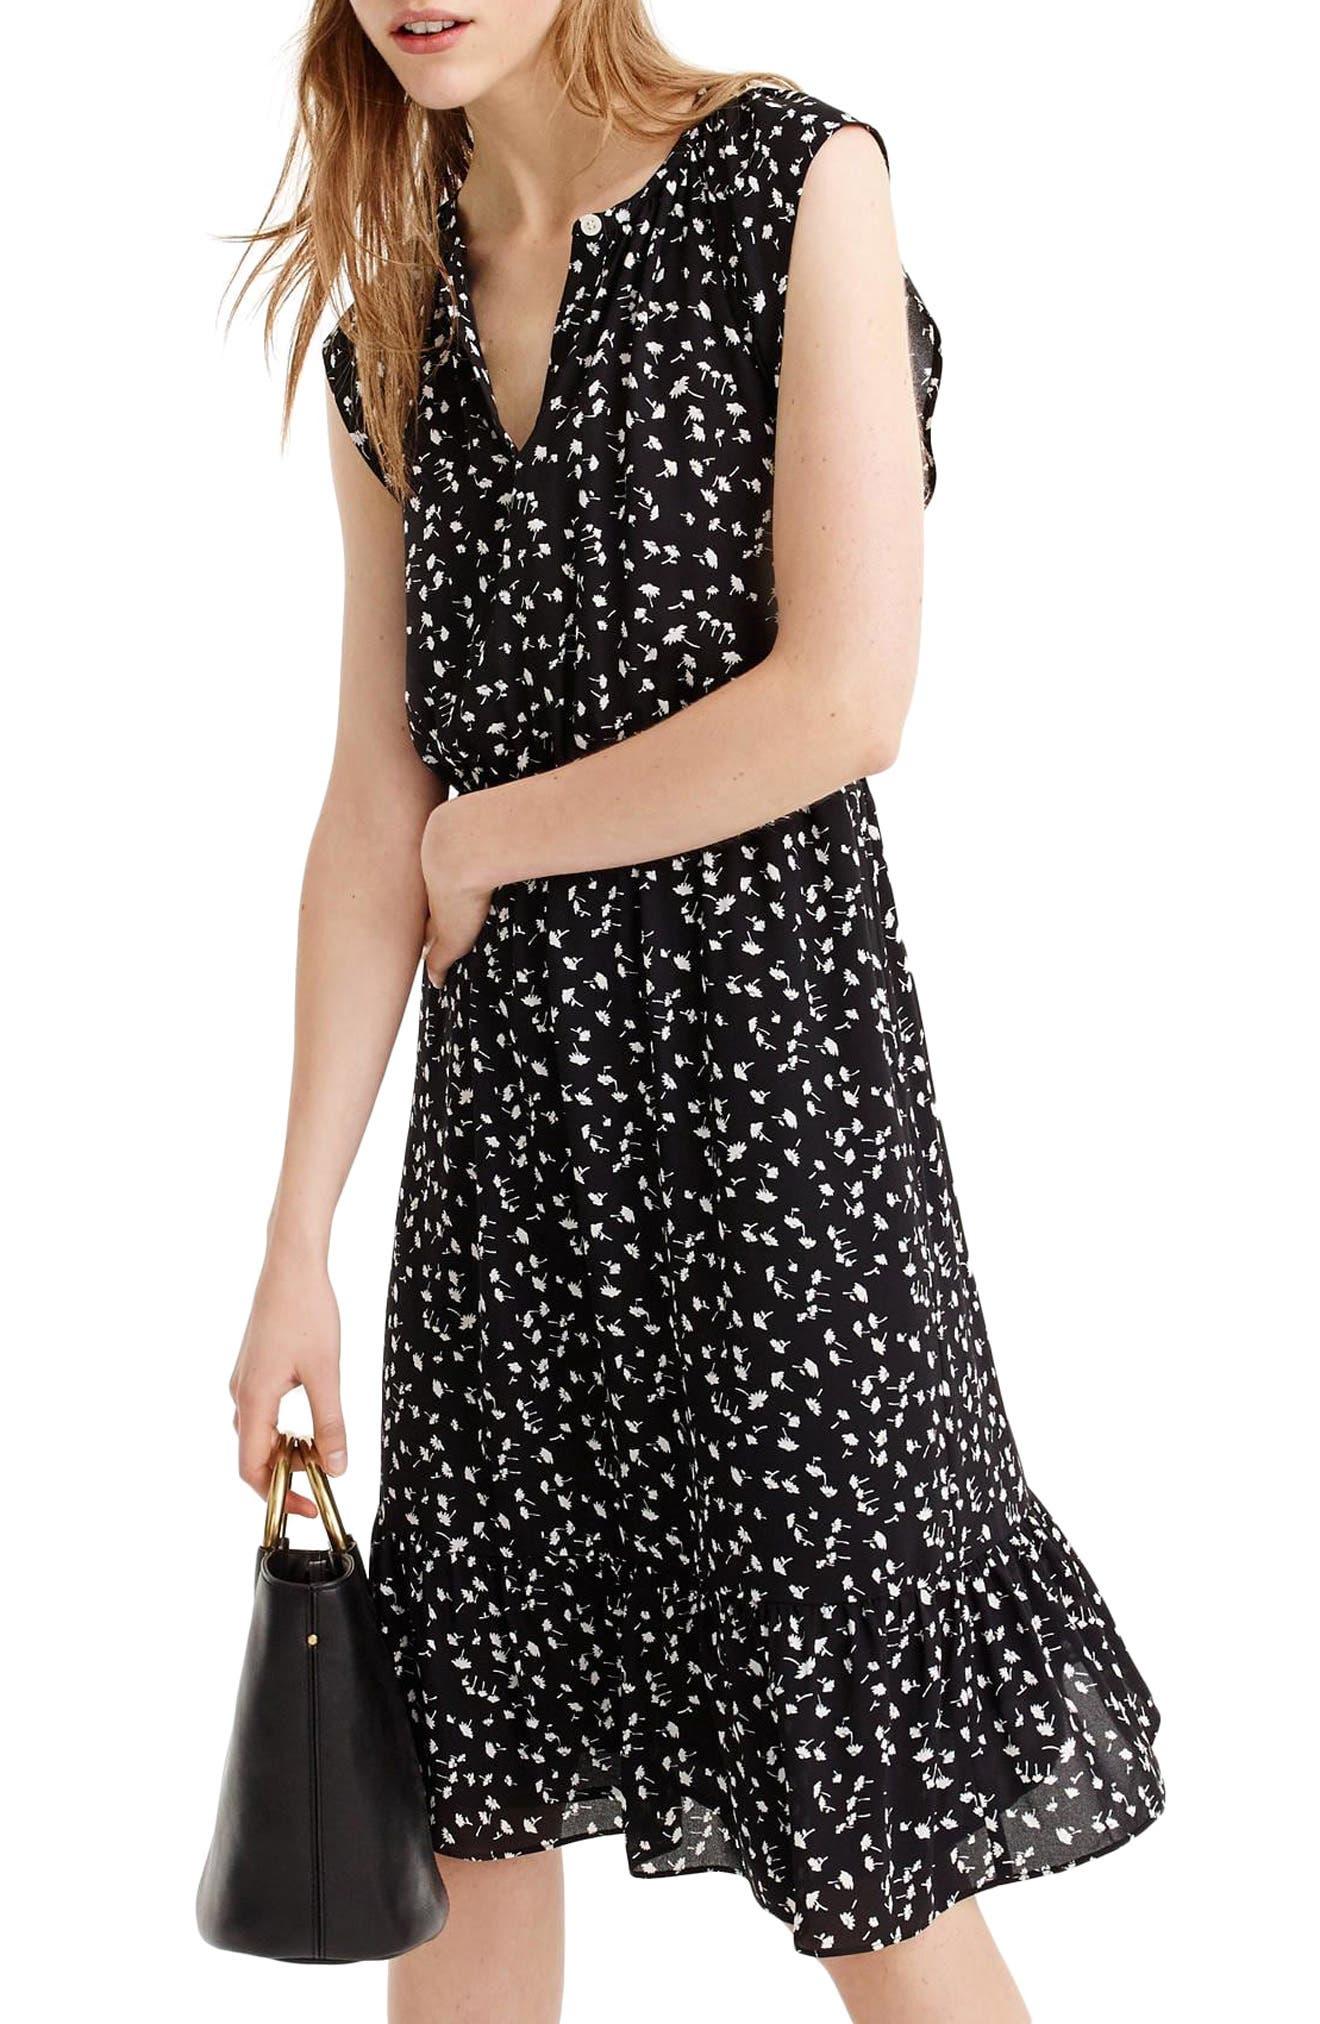 Daisy Floral Cap Sleeve Midi Dress,                             Main thumbnail 1, color,                             Black Ivory
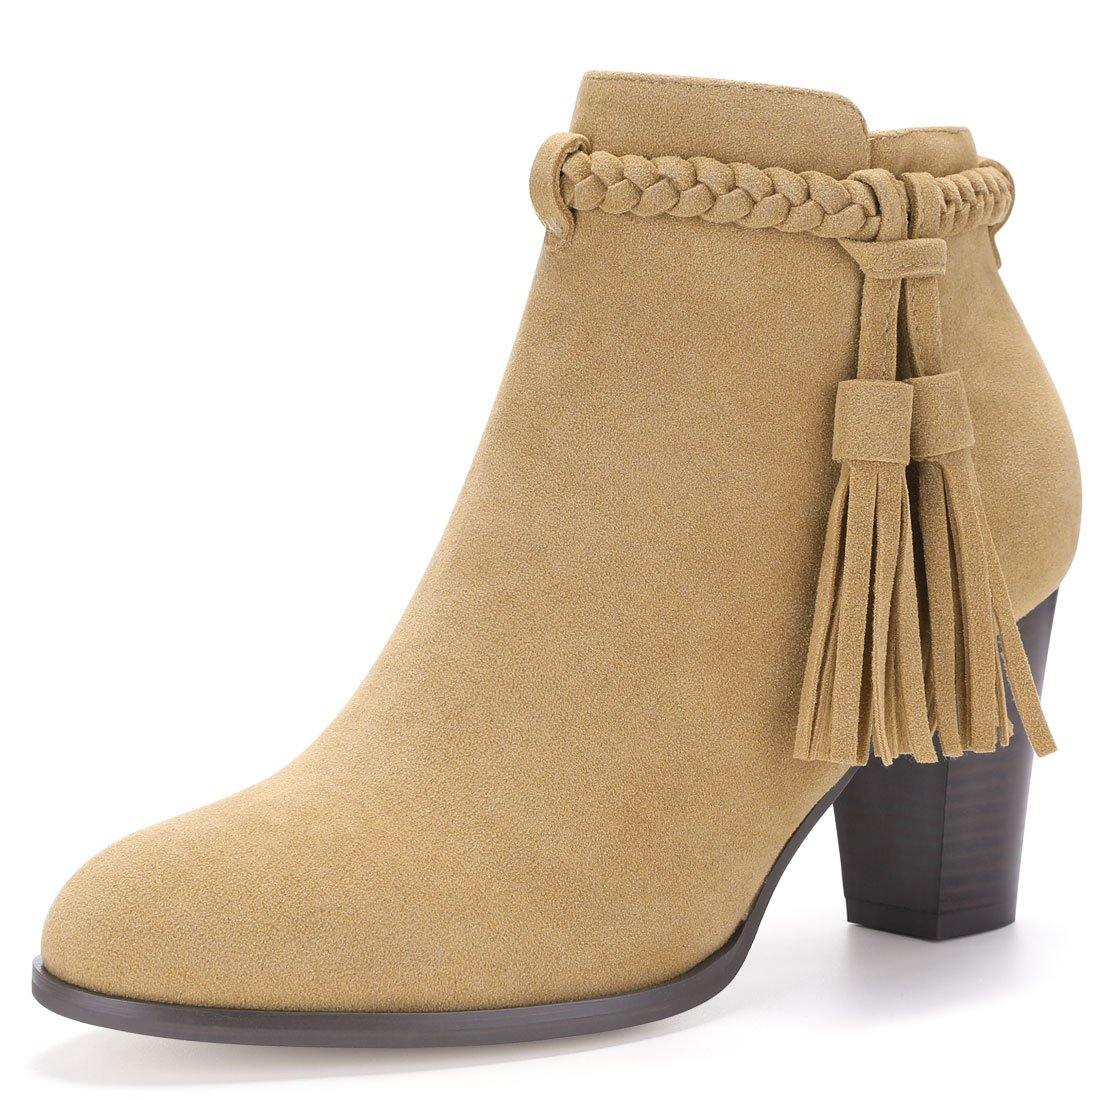 Allegra K Women's Braided Tassel Block Heel Bootie a17071700ux1373
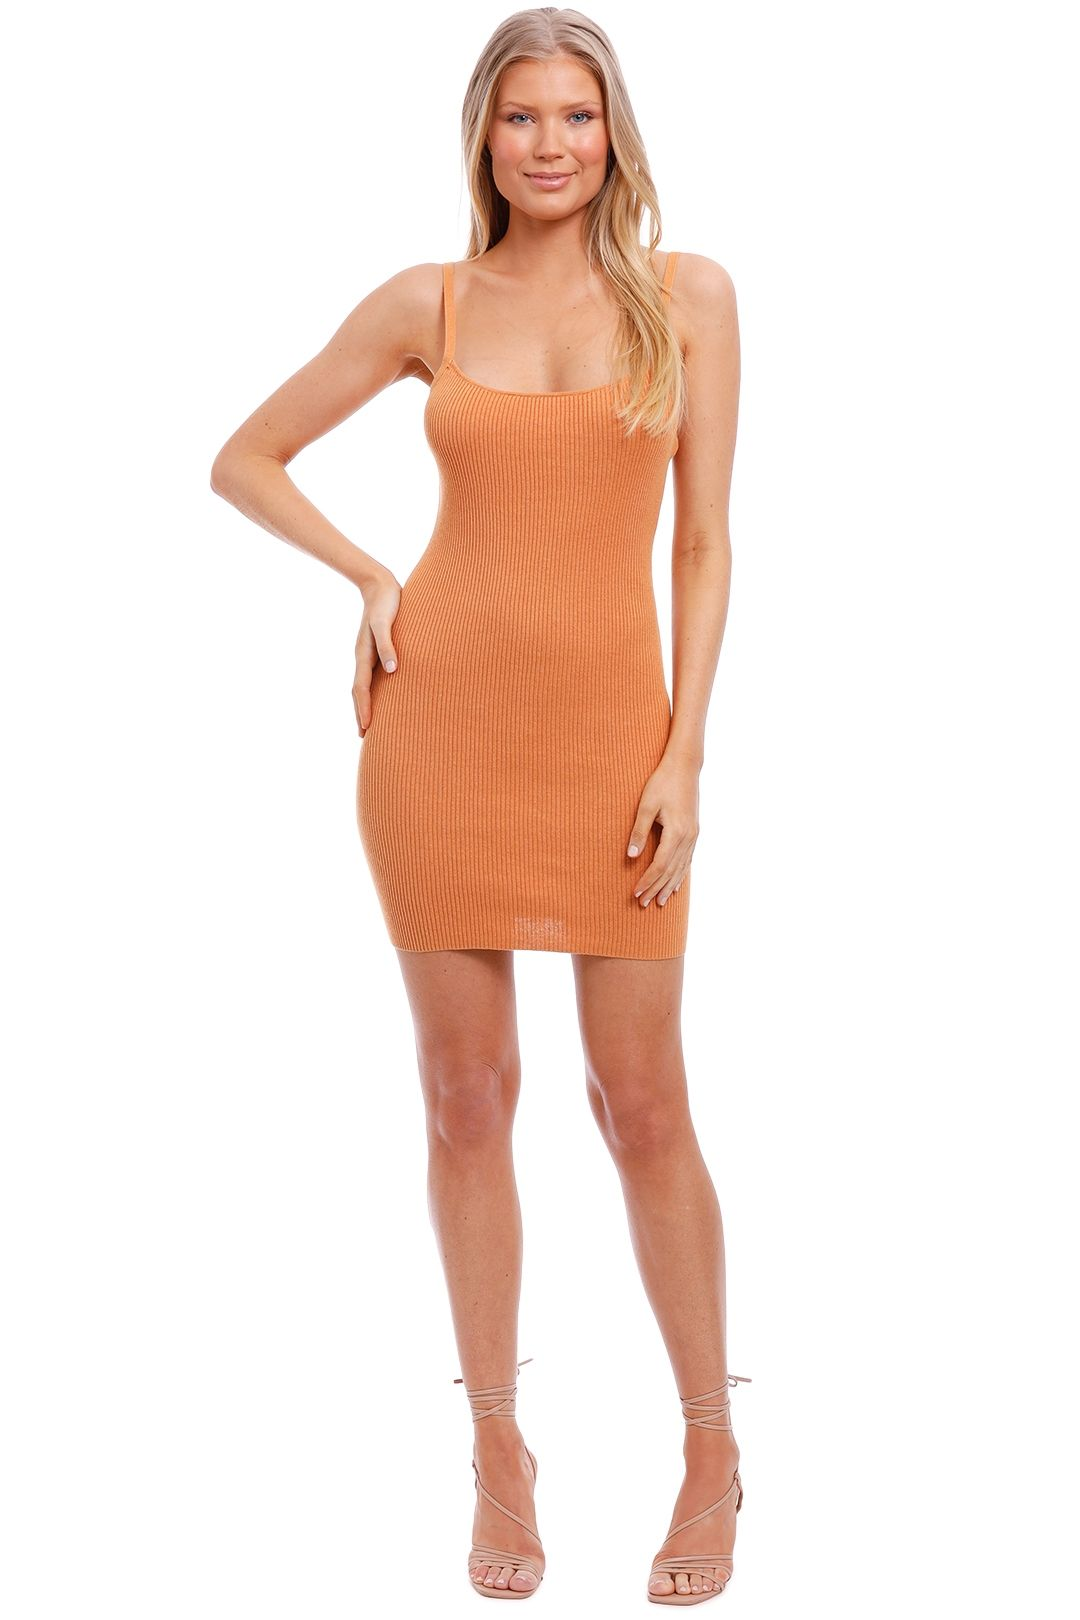 Bec and Bridge Margot Knit Mini Dress Nutmeg brown

● **Exercise directions**:
Could you set down word for word each line from the one holding "Allegra K Women's" through the end of the material above, without any pictures?

● **Output for this task**:
 Allegra K Women's Braided Tassel Block Heel Bootie a17071700ux1373
 Bec and Bridge Margot Knit Mini Dress Nutmeg brown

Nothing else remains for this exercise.